Can they really ask us to leave? – Rights of Service Dog Owners

Let’s say for this particular post this week – a person has a documented disability, has jumped through all the hoops, paid the trainer fees and has a legitimate “Service Dog” that they take with them to school, work, restaurants, stores, etc.

A local news outlet recently reported the following – KTNV News Report About a Veteran & Service Dog Banned from a School triggered my desire to thoroughly research the rights of the service dog owner as well as proprietors and/or other institutions to restrict a service animal from a property.

This particular news story was one where a veteran had let his animal get loose within the school and he got into an argument with the security guard. The man went to the news when he received notification that he was being banned from the school. While there are many variables with this particular news report- at face value it appears that the school may be acting within their rights.

According to  ADA Service Dog Guidelines/Commonly Asked Questions it is within the right of the owner of an establishment or an institution to request that a person leave the premises with their service animal if it is being disruptive.
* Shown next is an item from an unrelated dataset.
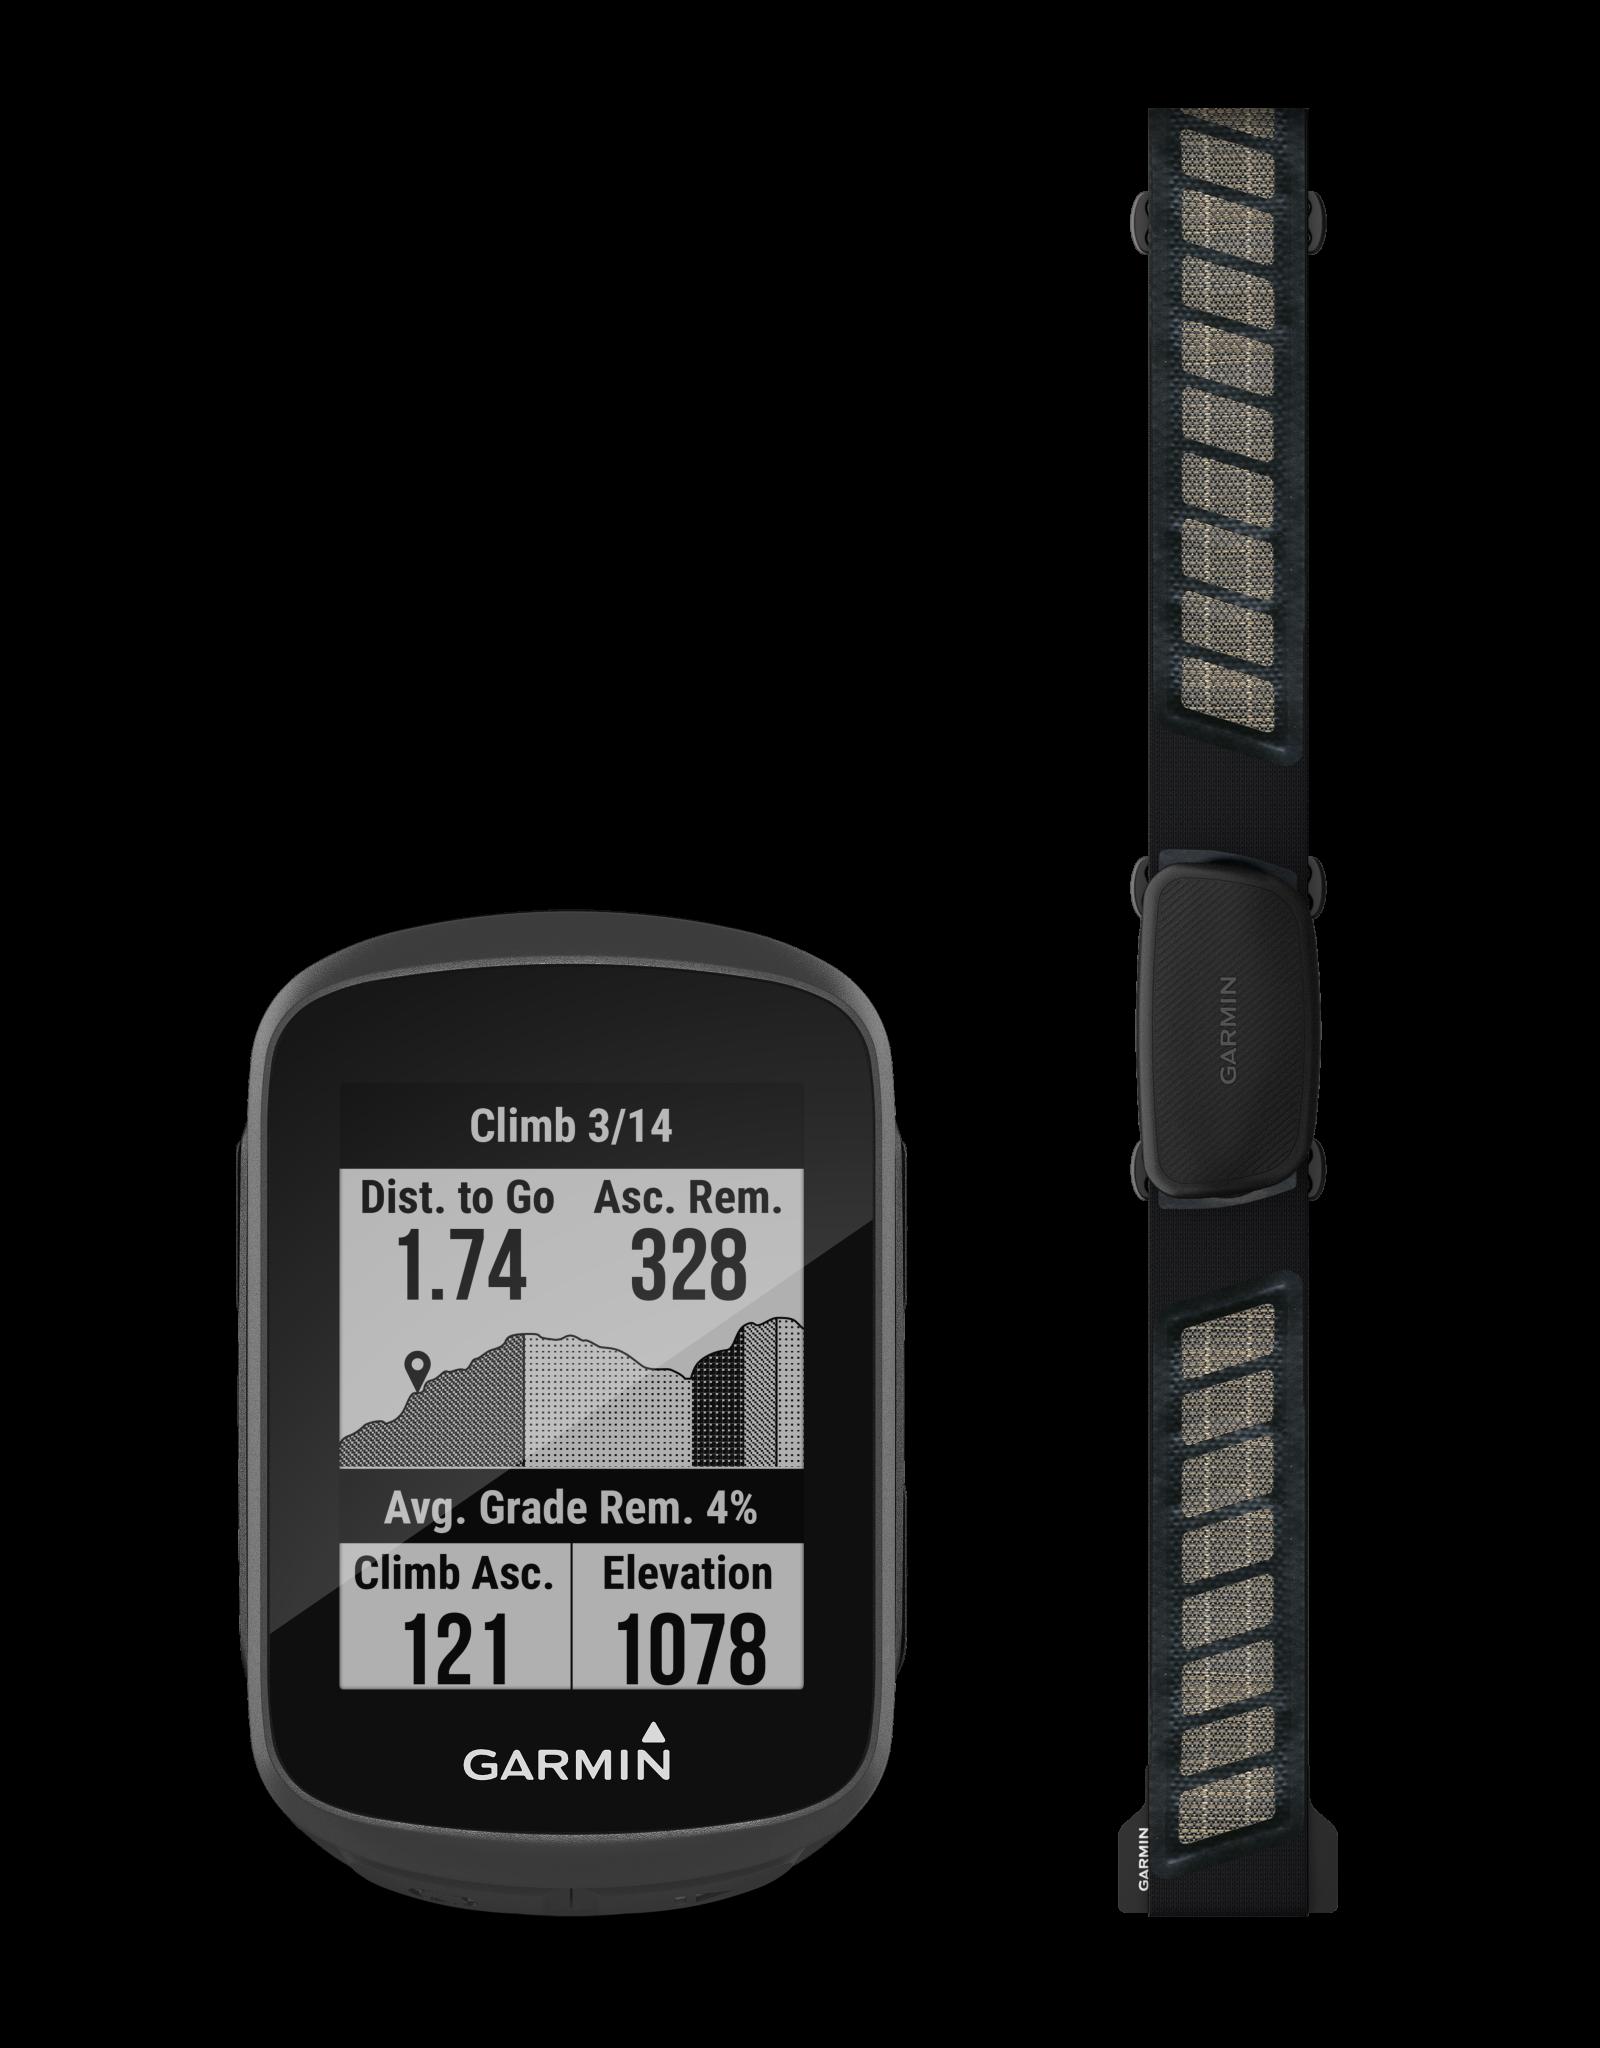 Garmin Edge 130 Plus Bike Computer - GPS, Wireless, Black

Or more specifically the ADA guideline states that

“a public accommodation is not required to accommodate a service animal–that is, when doing so would result in a fundamental alteration to the nature of the business.” 

I honestly believed that service dog/guide dog owners had free reign to essentially go wherever, whenever with their service animal and am surprised to see some exceptions to the rule. As many of the online comments about the news article report- if the service animal is not properly trained, is roaming around, and leaving the owners side- the business/institution has a right to ban a service animal from their property if it is disruptive.

So the rule of thumb for Service Dog owners should be to ensure that your animal receives appropriate training before venturing out into the community to ensure that they do not become disruptive to local business operations.